START Provided material
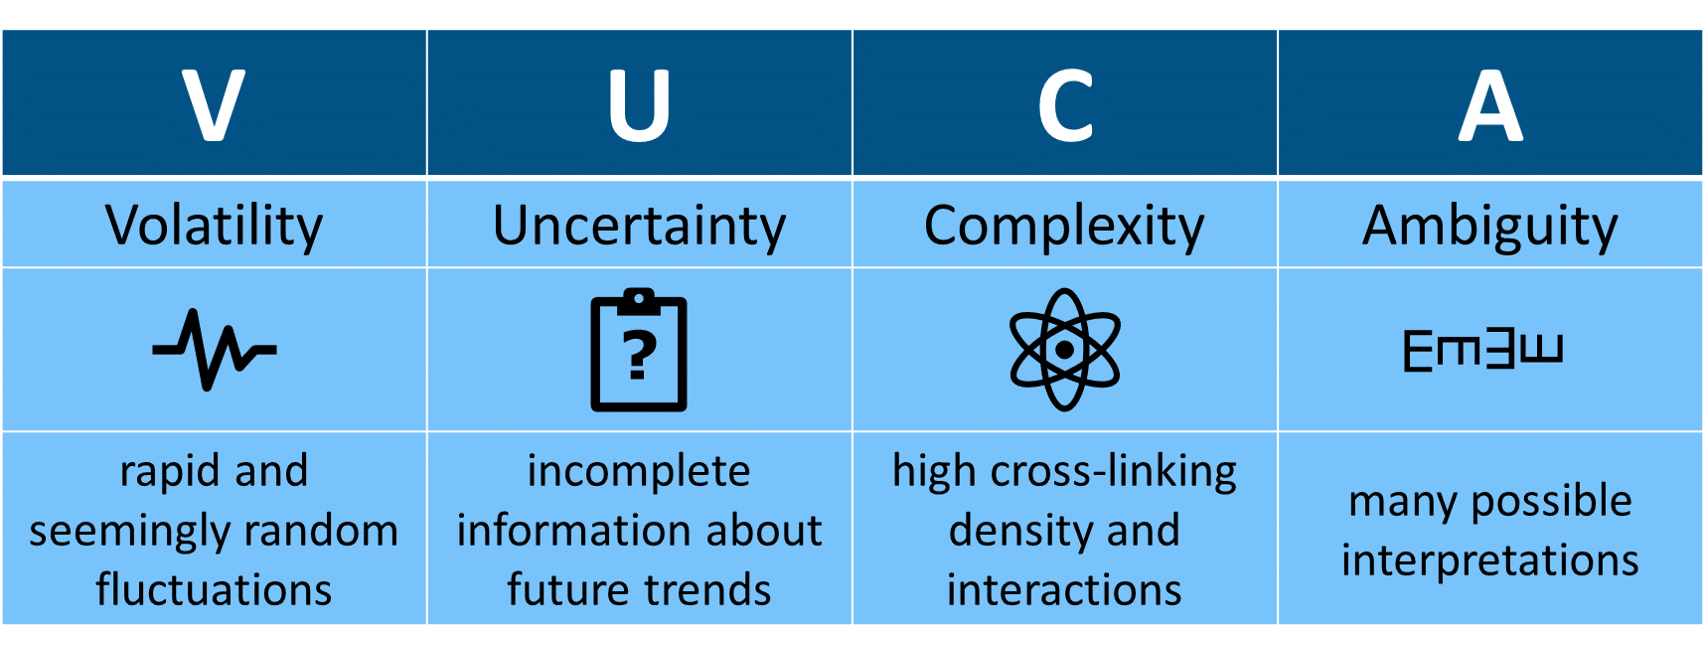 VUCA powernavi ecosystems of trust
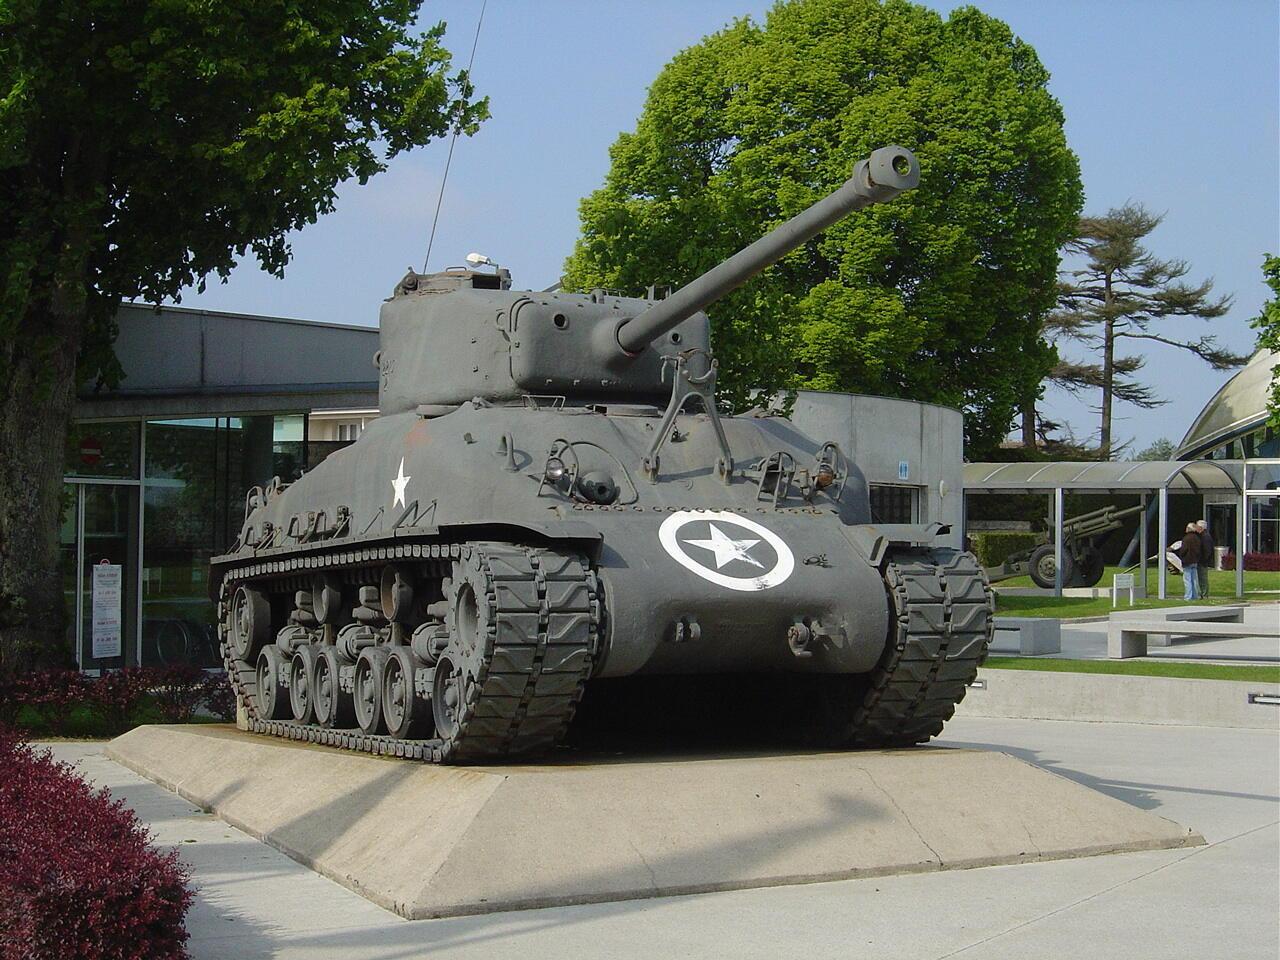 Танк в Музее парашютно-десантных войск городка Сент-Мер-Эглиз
END Provided material
START Provided material
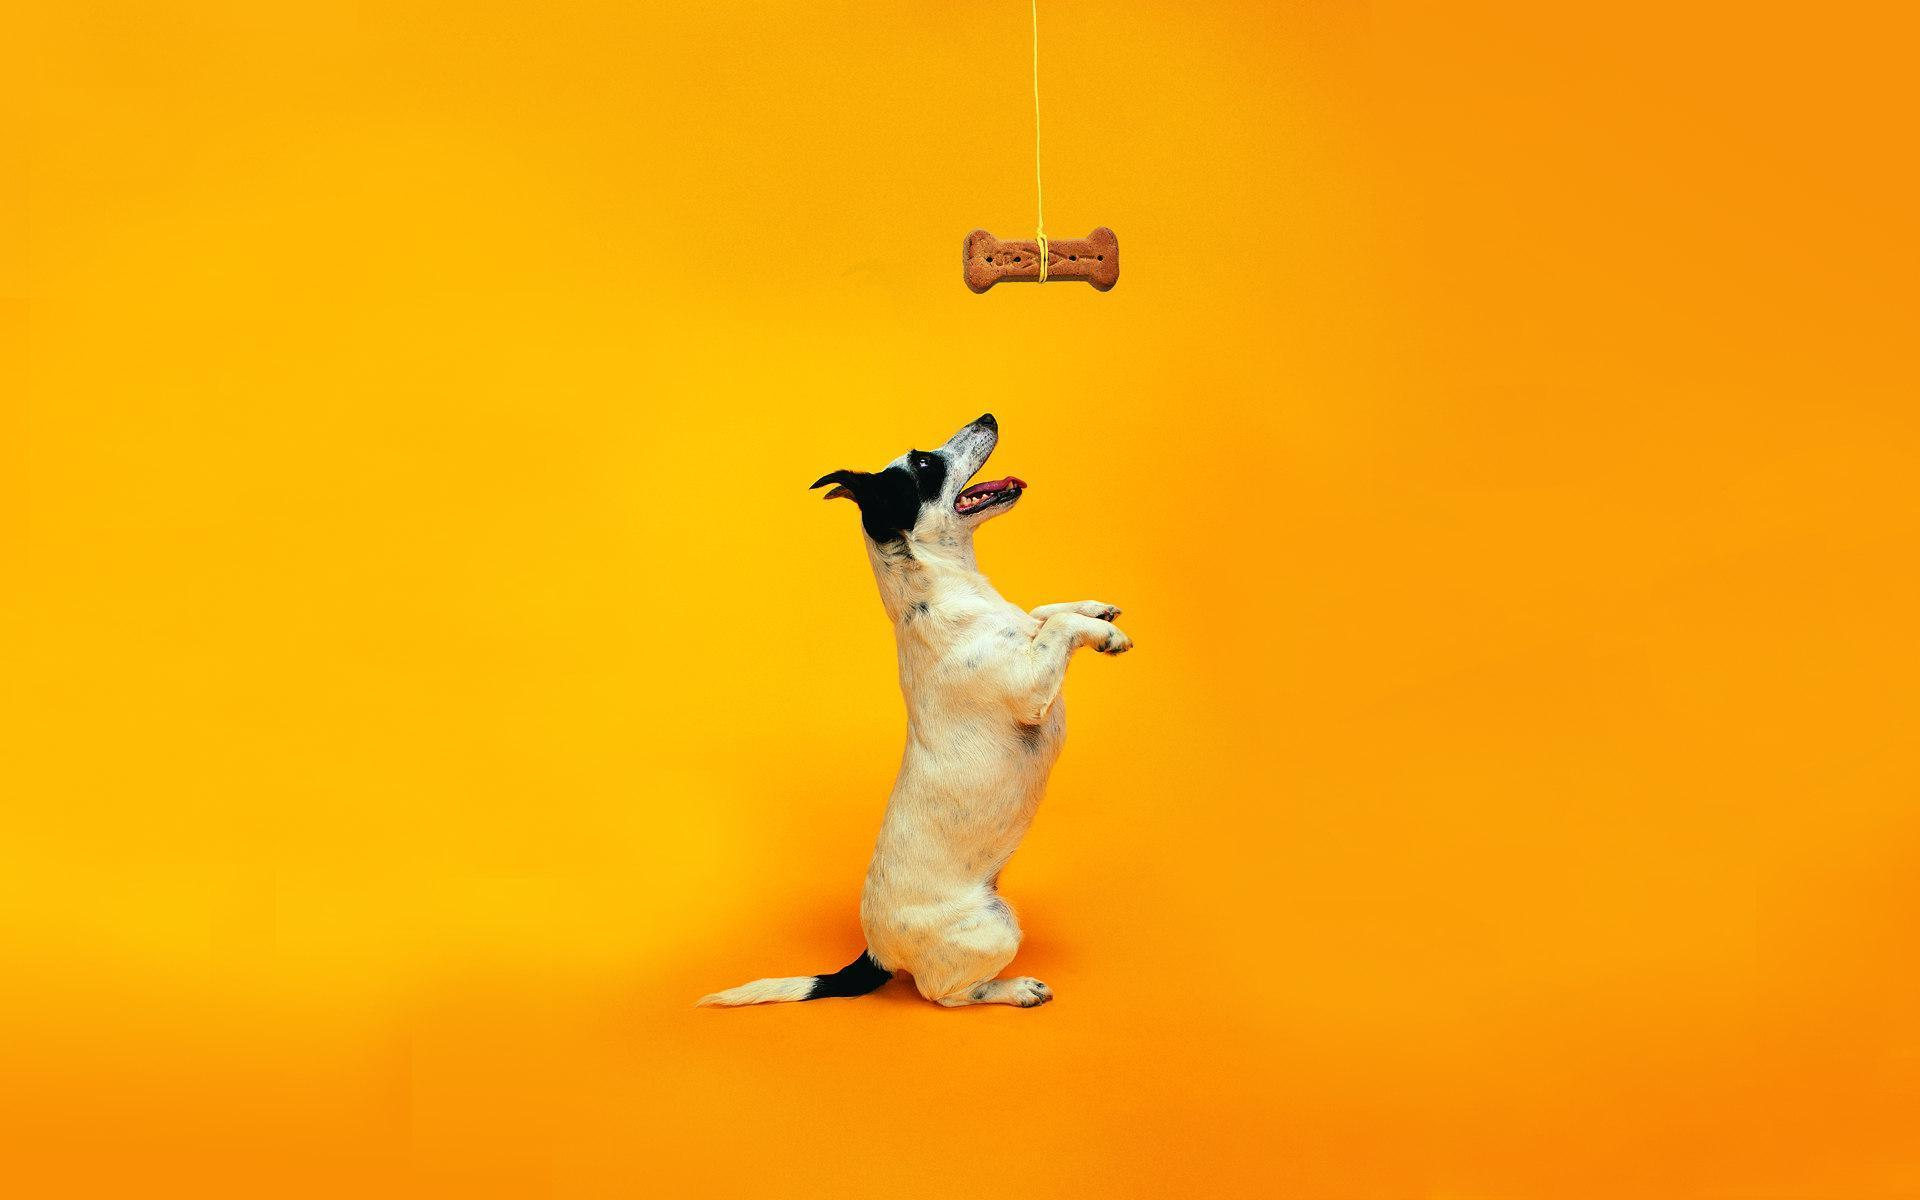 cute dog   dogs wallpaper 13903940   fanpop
END Provided material
START Provided material
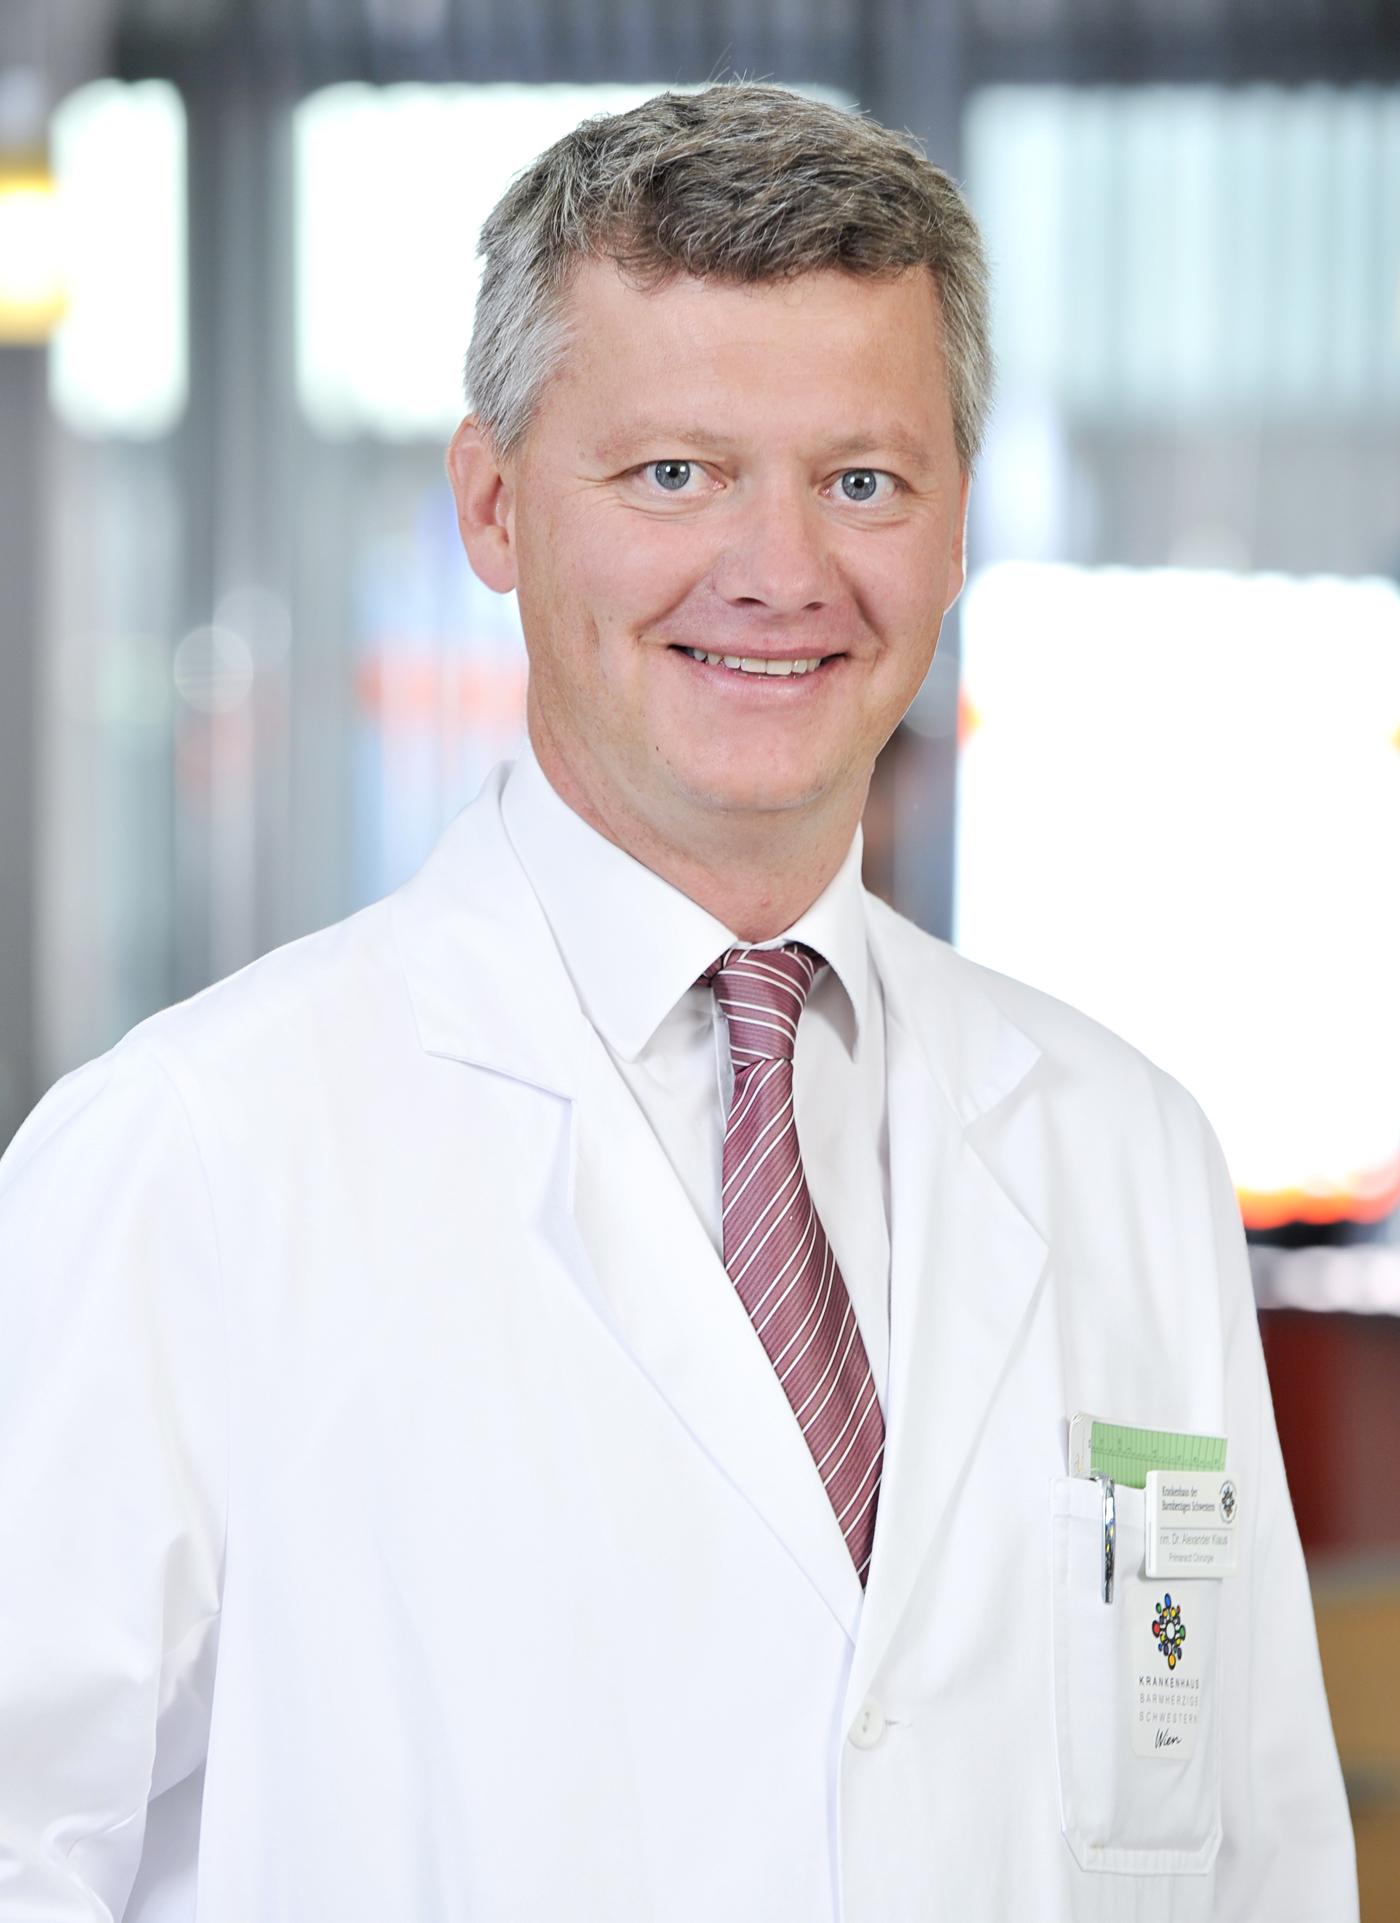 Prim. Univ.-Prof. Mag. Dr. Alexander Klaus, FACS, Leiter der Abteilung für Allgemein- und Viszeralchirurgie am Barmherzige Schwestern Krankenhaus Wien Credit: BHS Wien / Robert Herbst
END Provided material
| What the task asks |
The data above holds the lines to copy: start at the one with "VUCA powernavi ecosystems of trust", stop at the one with "Танк в Музее", include both, copy them exactly without pictures, and copy nothing else.

| Solution below |
 VUCA powernavi ecosystems of trust
 Танк в Музее парашютно-десантных войск городка Сент-Мер-Эглиз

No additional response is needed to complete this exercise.